Analysis of PMN infiltration in vivo by zymosan-induced peritonitis. Zymosan (0.5 mg) was administered (i.p.) into mice (female, 20–22 g) followed by measuring PMN infiltration and other changes at different time points. (A) PMN infiltration into the peritoneum. The data are expressed as means ± SEM. (B) Dynamic changes of F4/80+ macrophages and monocytes in the peritoneum. (C) Serum inflammatory cytokines associated with peritonitis at 4 h post–zymosan injection. (D) In vitro assay of macrophage response. Peritoneal macrophages obtained from WT and CD47−/− mice were challenged with 0.5 mg zymosan in vitro followed by detection of IL-6 released. (E) Adoptive transfer of leukocytes followed by inducing peritonitis confirmed that CD47 deficiency does not impede PMN infiltration. BM leukocytes derived from WT and CD47−/− mice were labeled with CFSE (green) and DiIC16 (3) (red), respectively, and mixed at 1:1 ratio followed by transferring into recipient WT or CD47−/− mice. Zymosan-induced peritonitis was then induced in recipient mice, and peritoneal in-filtration of donor PMN at 4 h was analyzed. The data are expressed as means ± SEM. Original magnification ×100. *p < 0.01. MØ, Macrophages.
Because CD47 is broadly expressed on both leukocytes and tissue cells, we designed adoptive-transfer experiments to separately address the role of CD47 on PMN or tissue cells. In these experiments, PMN were isolated from WT and CD47−/− mice. After labeling with different dyes (red and green), these cells were mixed and cotransferred into other WT or CD47−/− recipient mice. As shown in Fig. 2E, inducing peritonitis in recipient mice by zymosan found that WT and CD47−/− PMN were equally recruited into the peritoneum in either WT or CD47−/− recipient mice.
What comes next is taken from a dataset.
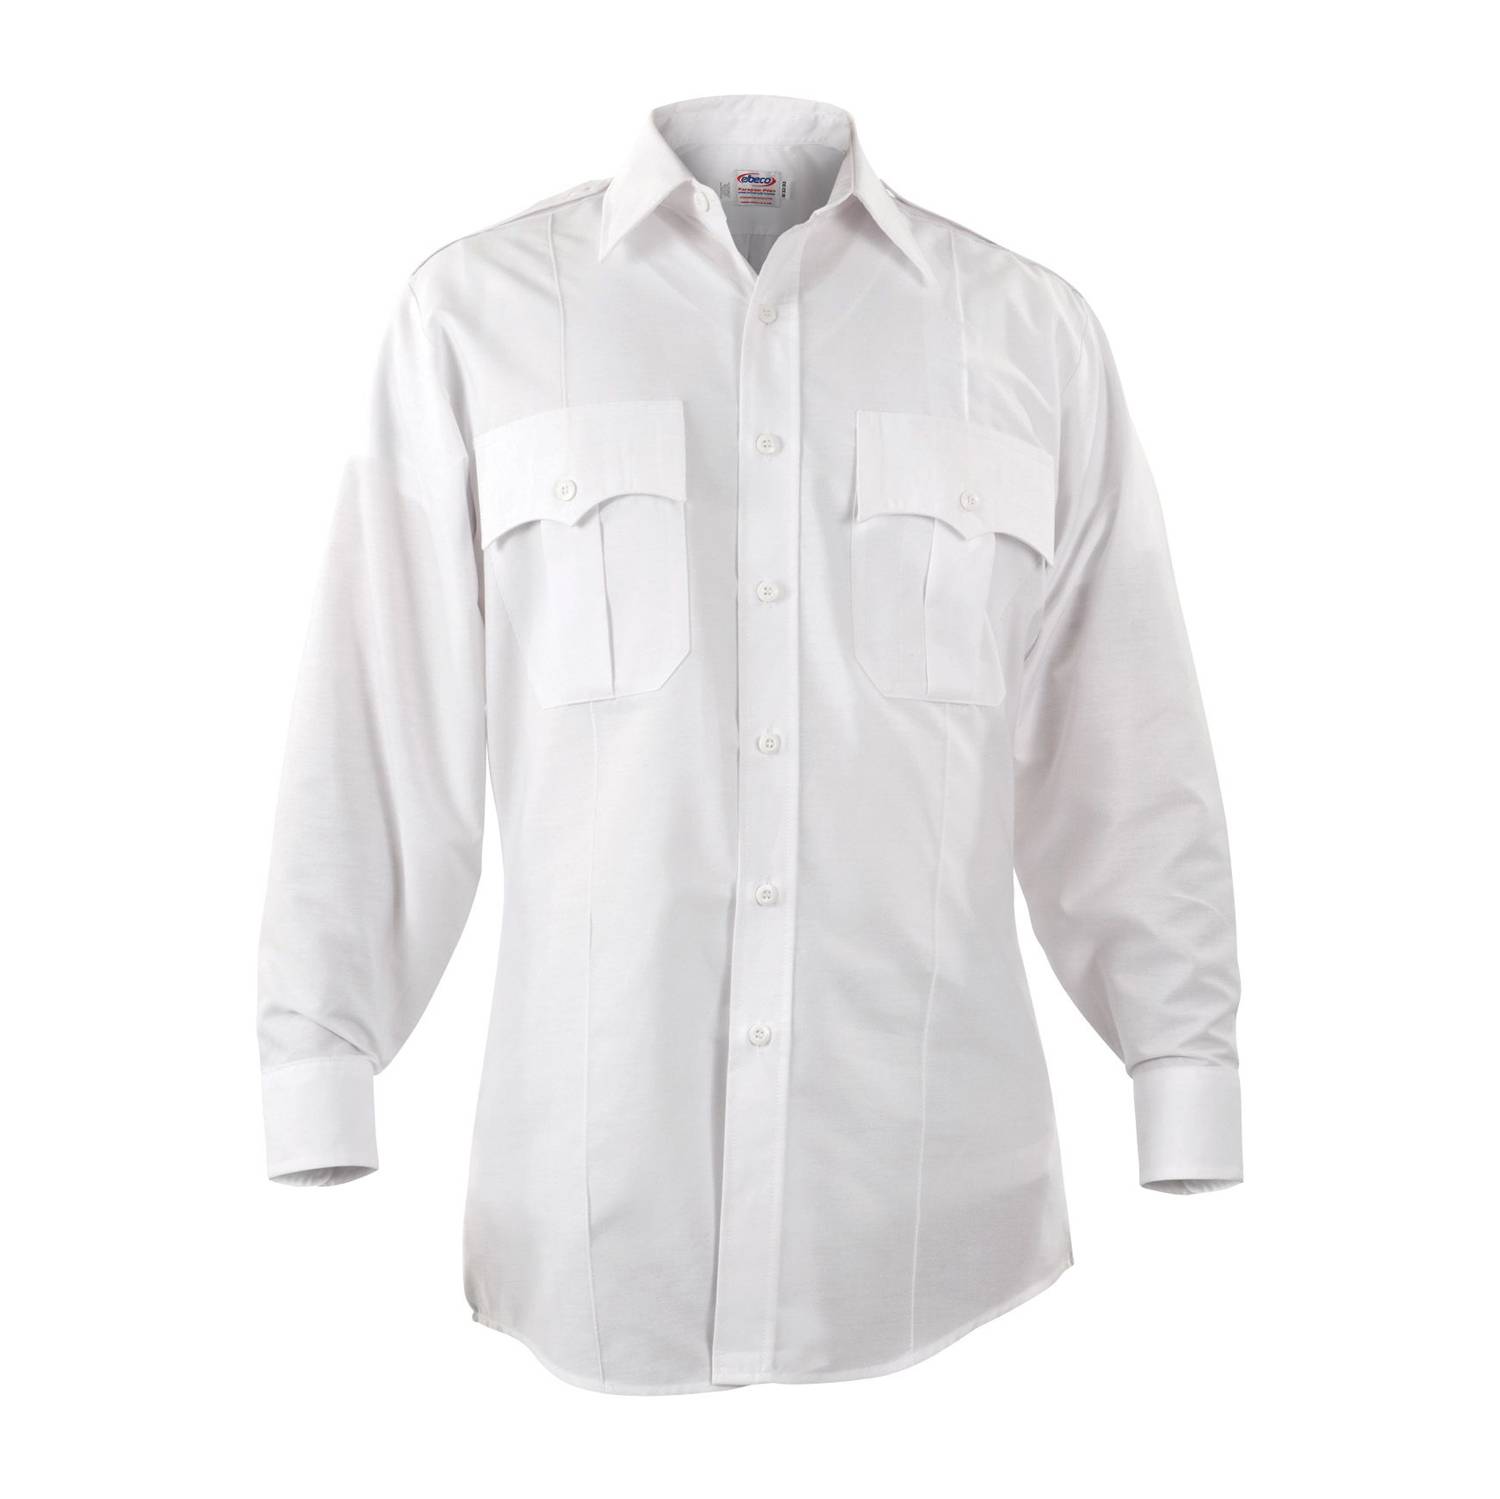 Elbeco Response Paragon Plus Long Sleeve Poly Cotton Shirt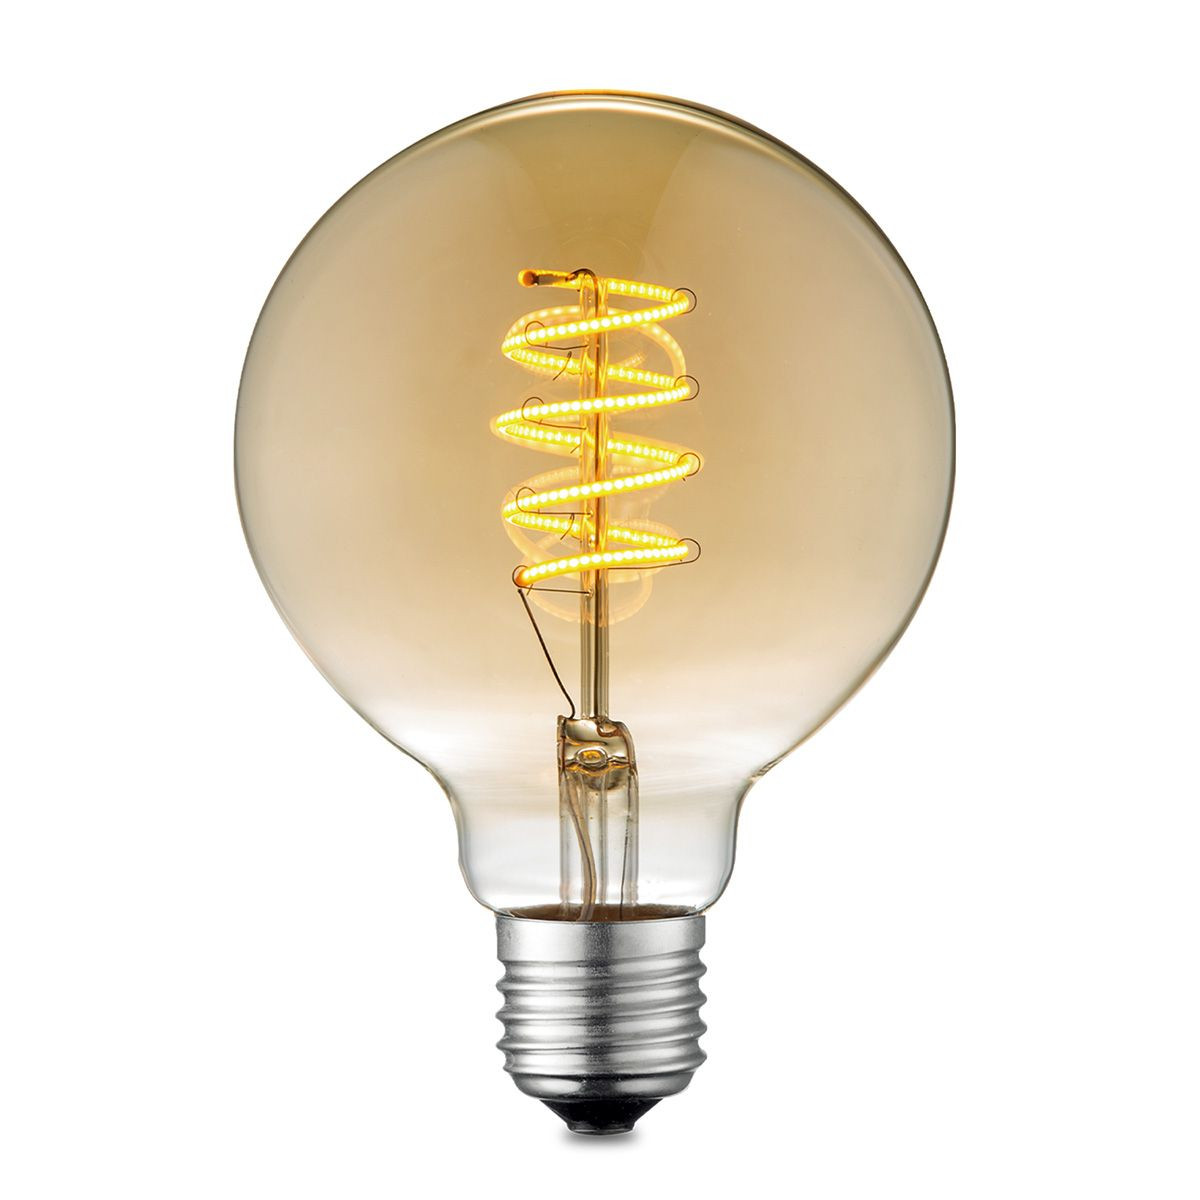 Edison Vintage LED lamp E27 LED filament lichtbron, Spiraal Globe G95, 9.5/9.5/13.5cm, Amber, Retro LED lamp Dimbaar, 4W 280lm 2700K, warm wit licht, geschikt voor E27 fitting

Thus, these results suggest that CD47 expression on both PMN and tissue cells were dispensable for PMN infiltration in vivo.
Resistance of CD47−/− mice to chronic but not highly aggressive acute colitis
It was perplexing in the current study to observe that CD47 depletion caused no inhibition in PMN transmigration, whereas previous studies suggested that CD47−/− mice were associated with decreased levels of inflammation presumably due to decreases in PMN infiltration (7–9). To investigate the discrepancies between our results and previous findings, we induced two sets of colitis in CD47−/− mice and studied PMN infiltration under these conditions. In the first set, mice were given 4% DSS in the drinking water to induce highly progressive acute colitis. As shown in Fig. 3A, all tested CD47−/− and WT mice rapidly developed intensive colitis and succumbed to the treatment in 5–7 d. Examination of the intestines on day 6 revealed significantly shortened large intestines in both strains (Fig. 3B). Tissue sectioning and staining demonstrated severe structural damage of mucosal epithelial layers (Fig. 3C) and aggressive PMN infiltration (Fig. 3D). Thus, CD47−/− offered no protection in acute colitis.
FIGURE 3.
CD47−/− mice do not resist 4% DSS-induced colitis. Mice (female, 20–22 g) were given 4% DSS in drinking water continuously. (A) Development of colitis monitored by body weight loss, diarrhea, and other body conditions (clinical scores evaluated on day 6 are shown in right panel). (B) Shortening of the large intestines on day 6. (C) Histology of colon tissues (H&E staining). (D) PMN infiltration into intestines detected by anti–Ly-6G staining and measuring of tissue-associated MPO (per 200 μg of protein in tissue lysates) on day 6. Original magnification ×100 (C, D).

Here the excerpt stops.